━━━━━ Source data

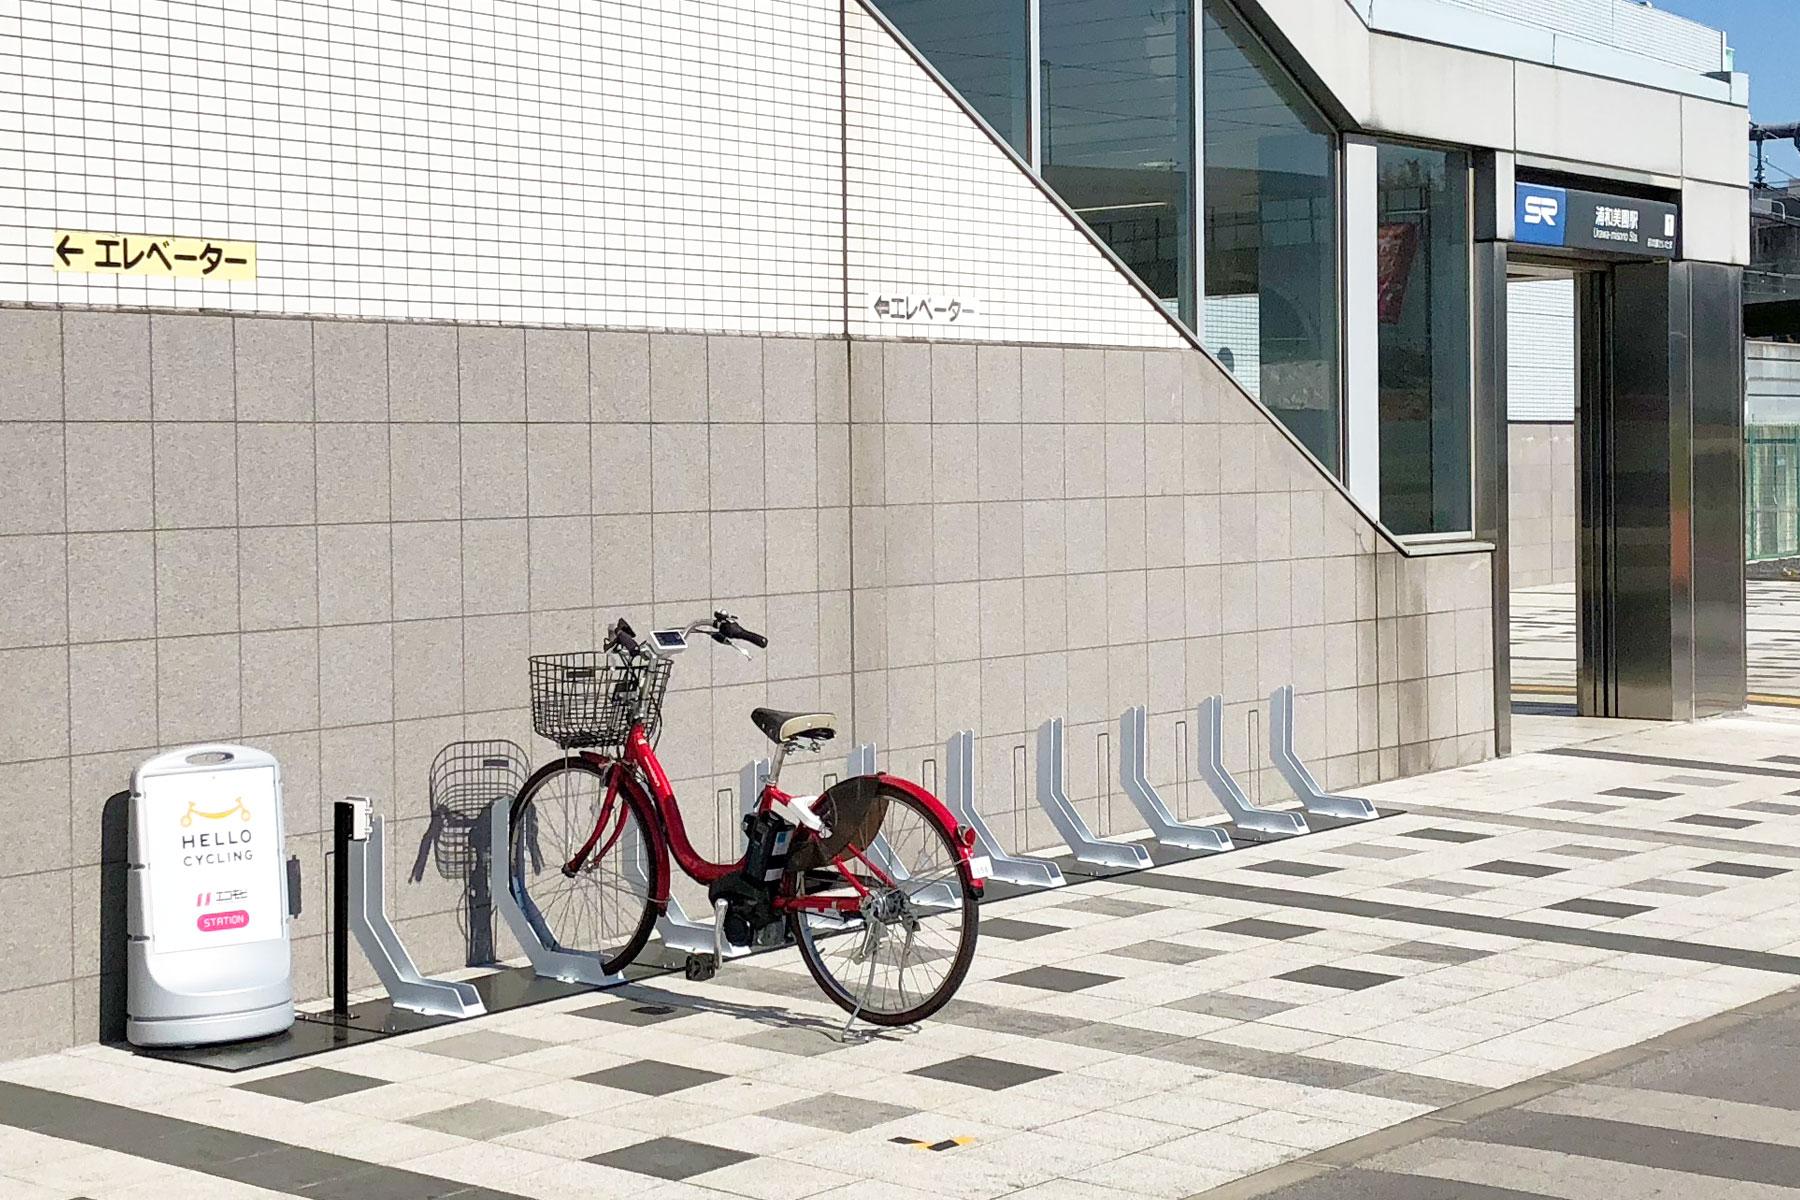 浦和美園駅西口 (HELLO CYCLING ポート) image
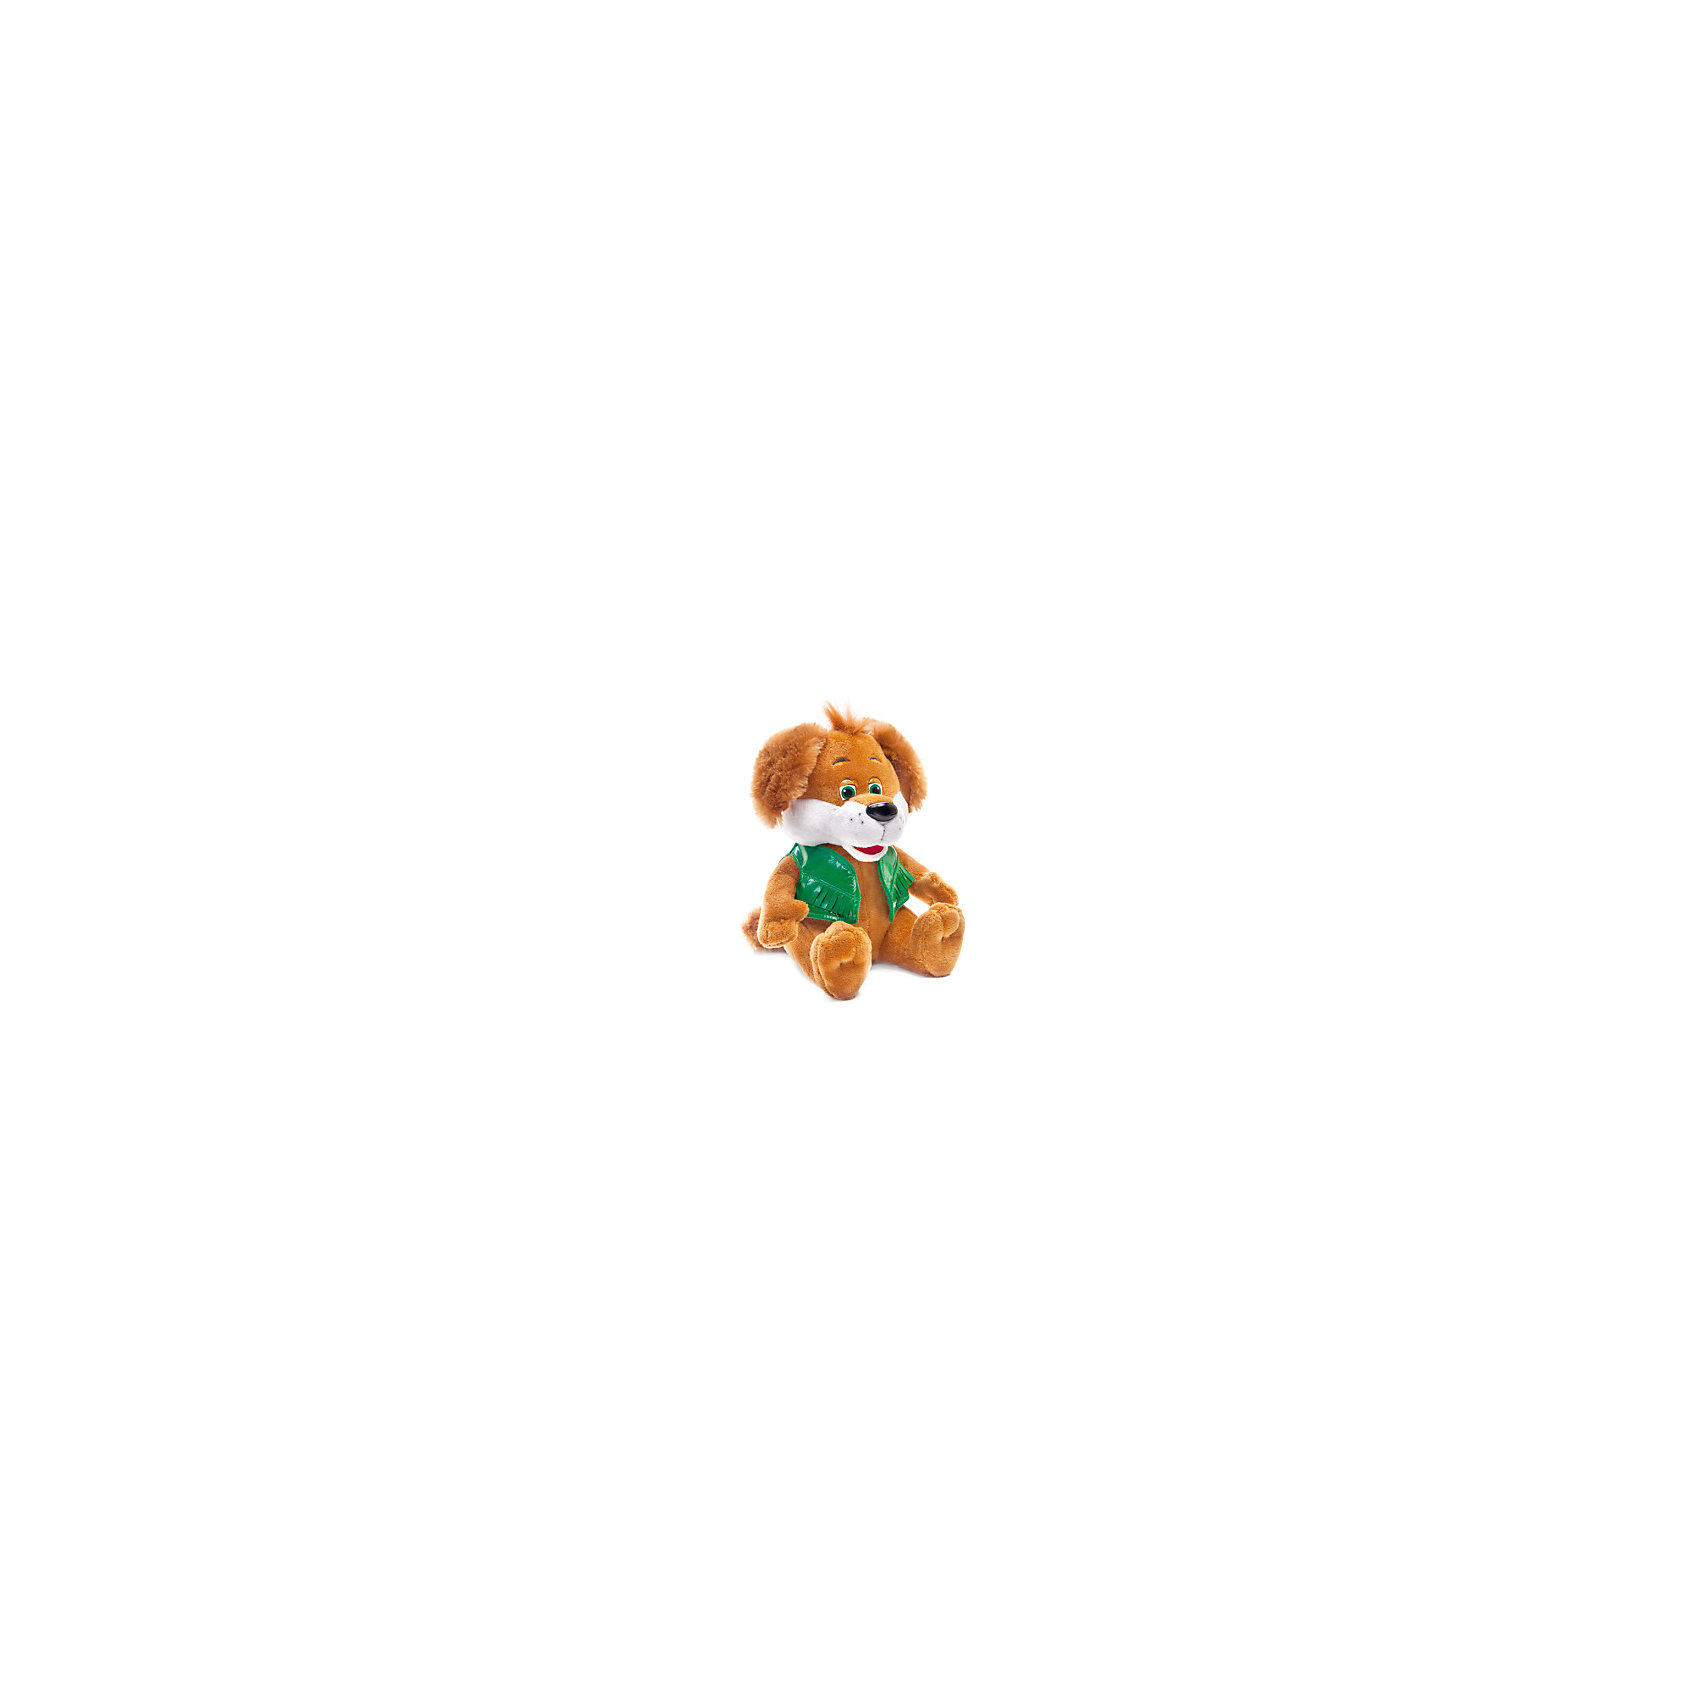 Пёс в жилетке, музыкальный, 24 см, LAVAОзвученные мягкие игрушки<br>Очаровательная мягкая игрушка сделана в виде рыжего щенка в жилетке. Она поможет ребенку проводить время весело и с пользой (такие игрушки развивают воображение и моторику). В игрушке есть встроенный звуковой модуль, работающий на батарейках.<br>Размер игрушки универсален - 24 сантиметра, её удобно брать с собой в поездки и на прогулку. Сделан Щенок из качественных и безопасных для ребенка материалов, которые еще и приятны на ощупь. Эта игрушка может стать и отличным подарком для взрослого.<br><br>Дополнительная информация:<br><br>- материал: текстиль, пластик;<br>- звуковой модуль;<br>- язык: русский;<br>- работает на батарейках;<br>- высота: 24 см.<br><br>Игрушку Пёс в жилетке, музыкальный, 24 см, от марки LAVA можно купить в нашем магазине.<br><br>Ширина мм: 200<br>Глубина мм: 140<br>Высота мм: 110<br>Вес г: 221<br>Возраст от месяцев: 36<br>Возраст до месяцев: 1188<br>Пол: Унисекс<br>Возраст: Детский<br>SKU: 4701867
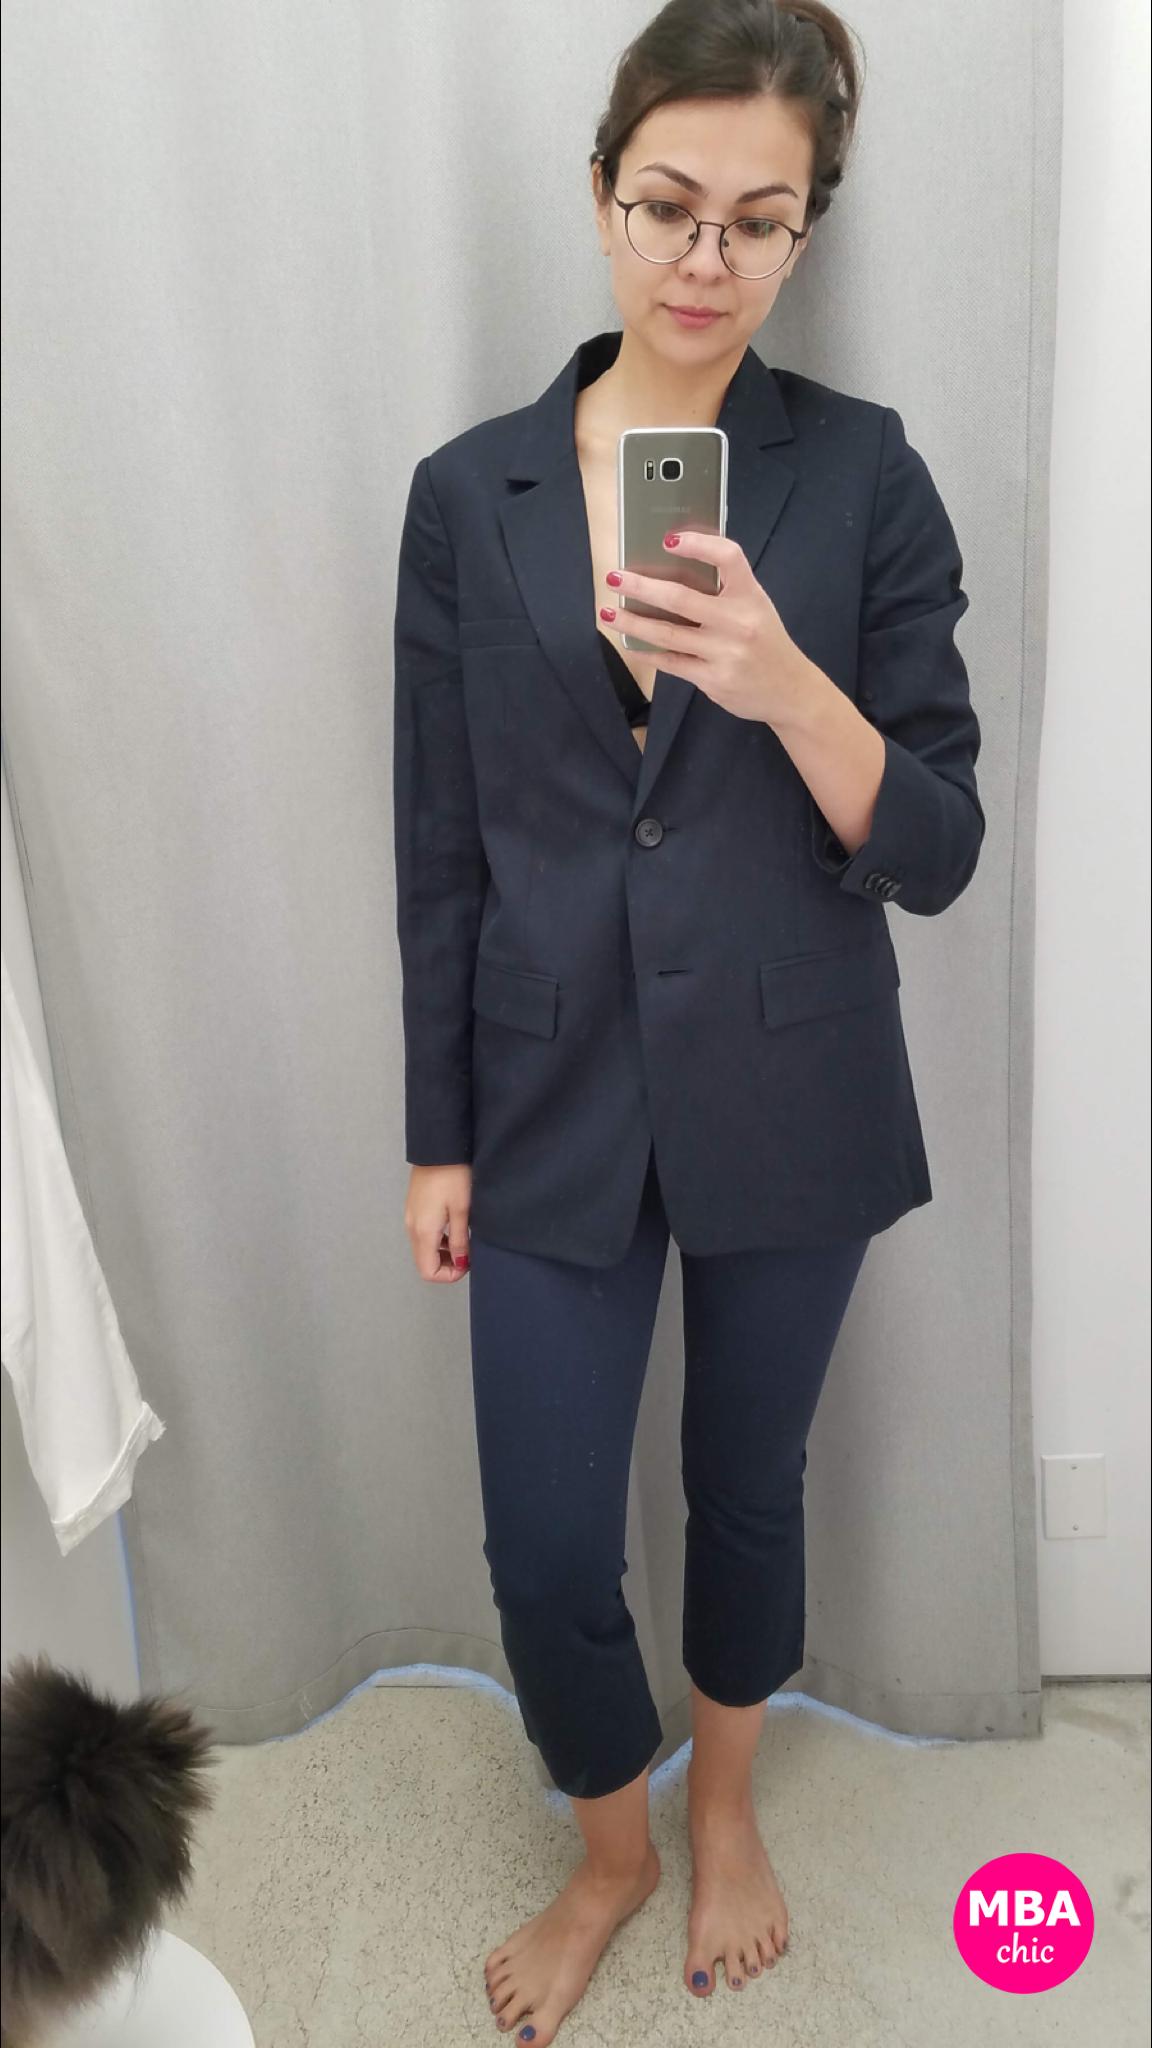 Suit pursuit

━━━━━━━━━━

• [Task brief]:
Leaving out only the pictures, return the material above unchanged.

• [Completed task]:
 浦和美園駅西口 (HELLO CYCLING ポート) image
 Пёс в жилетке, музыкальный, 24 см, LAVAОзвученные мягкие игрушки<br>Очаровательная мягкая игрушка сделана в виде рыжего щенка в жилетке. Она поможет ребенку проводить время весело и с пользой (такие игрушки развивают воображение и моторику). В игрушке есть встроенный звуковой модуль, работающий на батарейках.<br>Размер игрушки универсален - 24 сантиметра, её удобно брать с собой в поездки и на прогулку. Сделан Щенок из качественных и безопасных для ребенка материалов, которые еще и приятны на ощупь. Эта игрушка может стать и отличным подарком для взрослого.<br><br>Дополнительная информация:<br><br>- материал: текстиль, пластик;<br>- звуковой модуль;<br>- язык: русский;<br>- работает на батарейках;<br>- высота: 24 см.<br><br>Игрушку Пёс в жилетке, музыкальный, 24 см, от марки LAVA можно купить в нашем магазине.<br><br>Ширина мм: 200<br>Глубина мм: 140<br>Высота мм: 110<br>Вес г: 221<br>Возраст от месяцев: 36<br>Возраст до месяцев: 1188<br>Пол: Унисекс<br>Возраст: Детский<br>SKU: 4701867
 Suit pursuit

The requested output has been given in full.